At her kid’s apartment in Saskatoon, Cyndi Pedwell watched her home on Denare Beach burn through her doorbell camera, until the fire fried her internet cord.
Most of Pedwell’s neighbourhood has been reduced to ash after the fast-moving flames of the Wolf Fire moved into the community on Monday evening.
“It’s just devastating,” she said. “We’re also trying to contact each other and see how we’re all doing.”
Some of the remains of her home are a blackened washer and dryer, a few tangles of metal, and a scorched entry ornament to the property.
Saskatchewan Public Safety Agency (SPSA) vice-president Steve Roberts said over 400 values – like cabins, houses, vehicles, and structures – have burned across the province so far. The hardest hit area is Denare Beach.
“Terrible, terrible, terrible,” Pedwell’s father said in a video, touring the damage on the property.
Pedwell and her family have lived on the property since 1992, building a new house there in 2004. She saw her home for the final time in person on May 28 before she was evacuated from the community.
With only a few things she was able to take, irreplaceable treasures like family photo albums, collectibles, handmade cards, and her kids school art projects were lost to the flames.
“That stuff when you hold it, that memory comes back … now those treasures won’t be there for me anymore,” she said.
Over a week ago, Pedwell left the community in a convoy of vehicles to get their kids’ apartment in Saskatoon.

“It’s a big monster,” Pedwell said about the fire that swallowed her home. (Cyndi Pedwell/ Submitted)
“I think it was bumper to bumper the whole entire way,” she said. “It took more than double the amount of time to get there.
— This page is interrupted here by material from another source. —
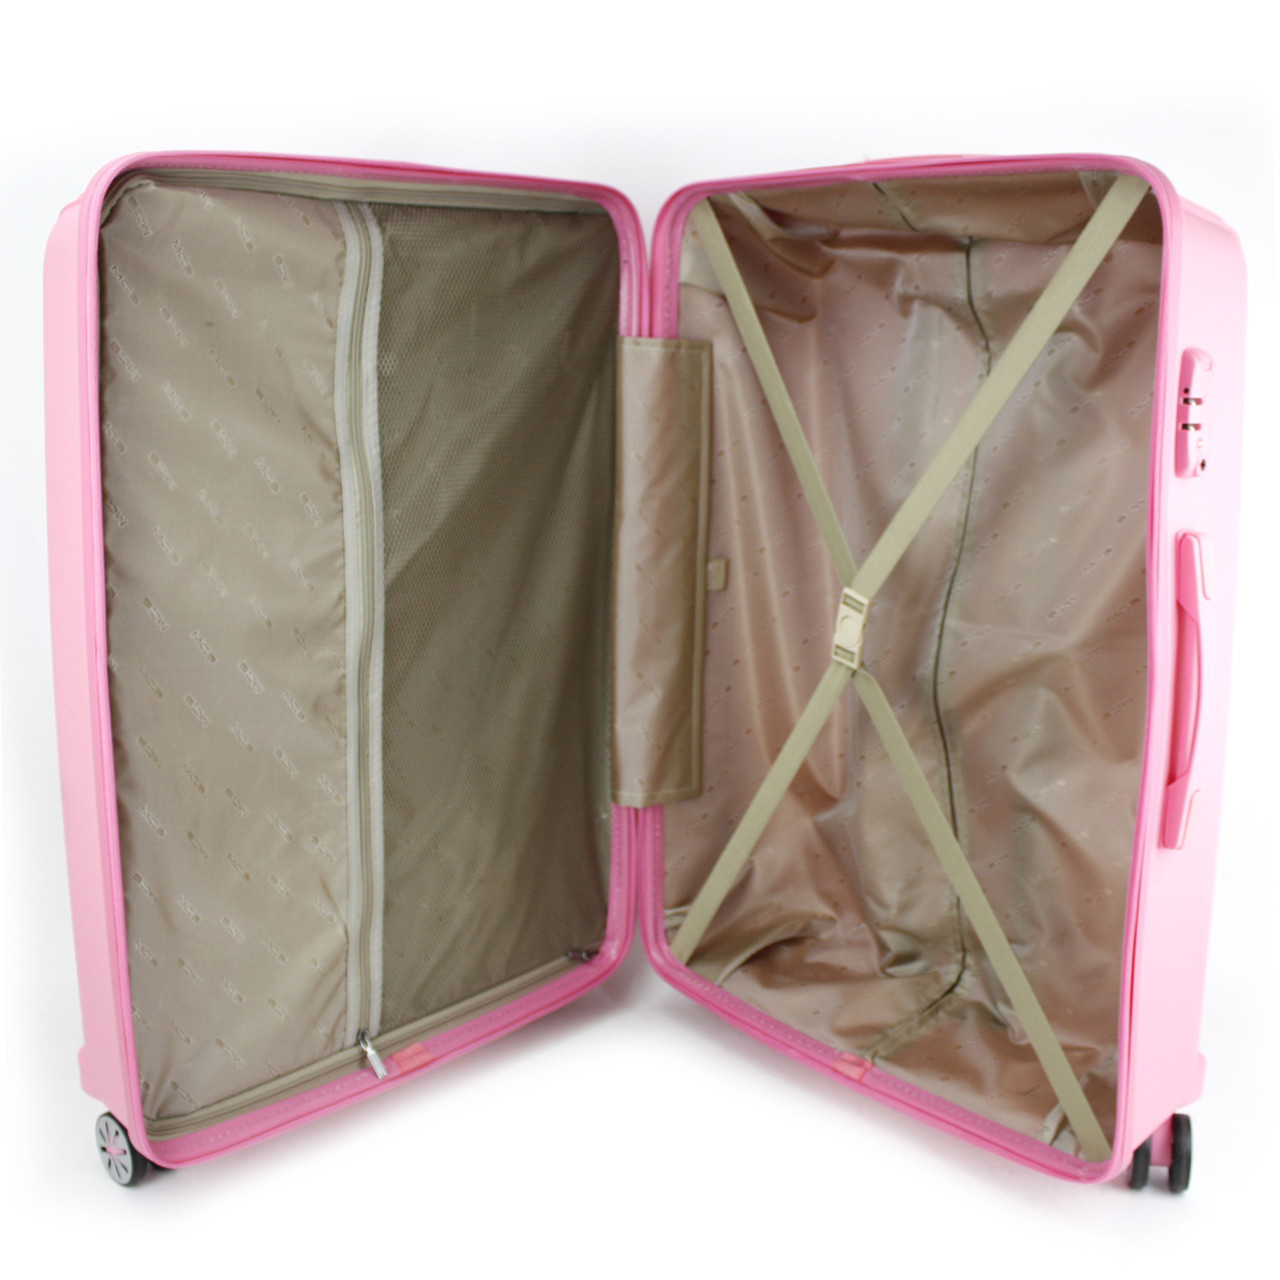 Маленький чемодан для ручьной клади из полипропилена MCS V305 S PINK! Для 8-10 кг! - 2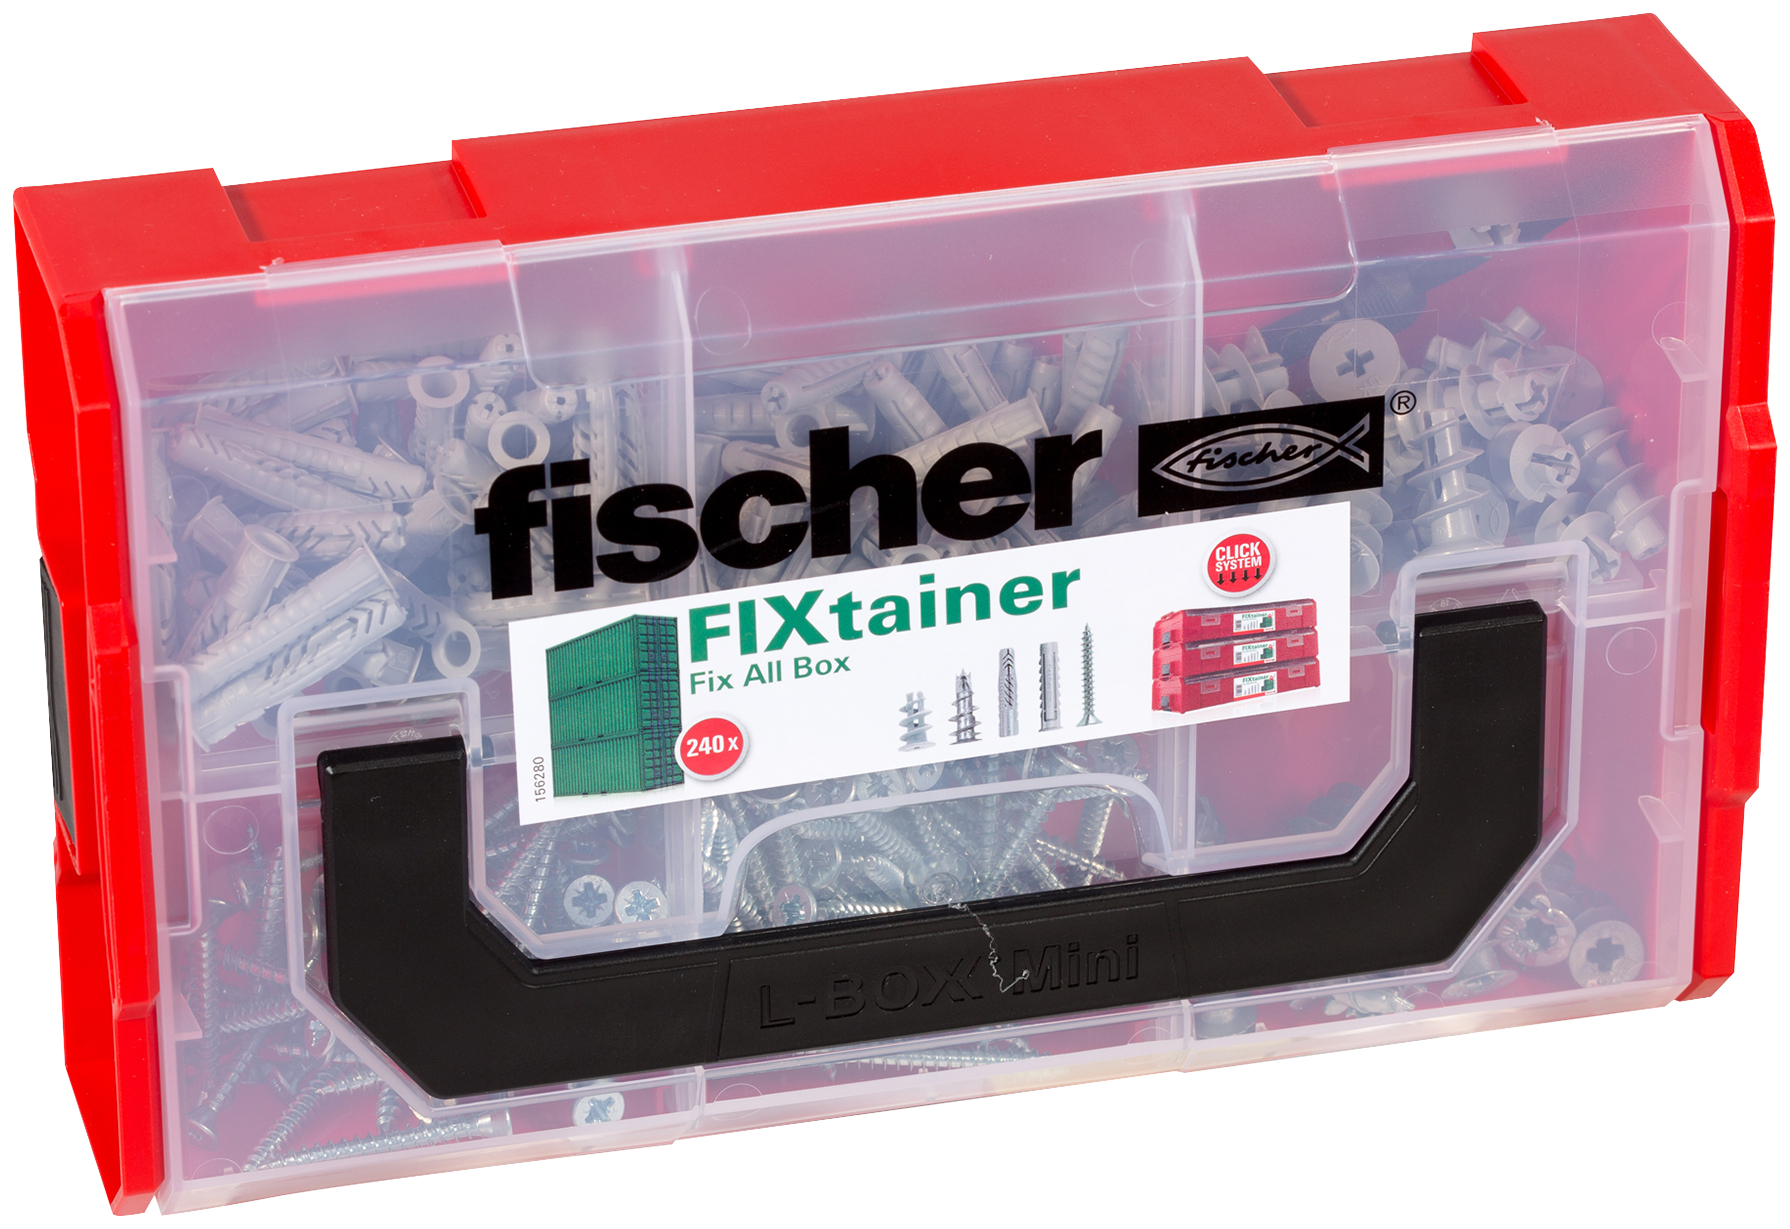 fischer FIXtainer UX SX GK screw (141 Pz.) Pratiche soluzioni di fissaggio per le pi comuni applicazioni nel fischer FixTainer impilabile e di alta qualit.

We rolled into Saskatoon at 5 a.m., so the sun was rising by the time we’ve got there because we just had to circumvent a whole bunch of different ways to get here safely.”
About 10,000 to 15,000 people have been evacuated due to wildfires so far, according to the SPSA. Denare Beach is one of 34 communities who were told to pack their bags and leave.
Pedwell said half of Denare Beach was “obliterated” by the fast-moving flames, including the community’s water and sewer plant.
With no home to return to, she felt frustrated with how the provincial government had handled its response to the flames.
“In the north, we’re still important,” she said. “I know that we’re not the high population of people, but we we still matter. I feel like we’re just not getting that.”
Pedwell wants to see the province bring in even more resources to get the flames out, and be better equiped for future wildfire seasons.
“This is a humongous fire,” she said. “Our volunteer firemen are doing the best they can.”
With no water and sewer lines working in Denare Beach due to the flames, Pedwell said she is still re-evaluating whether to rebuild in the same spot.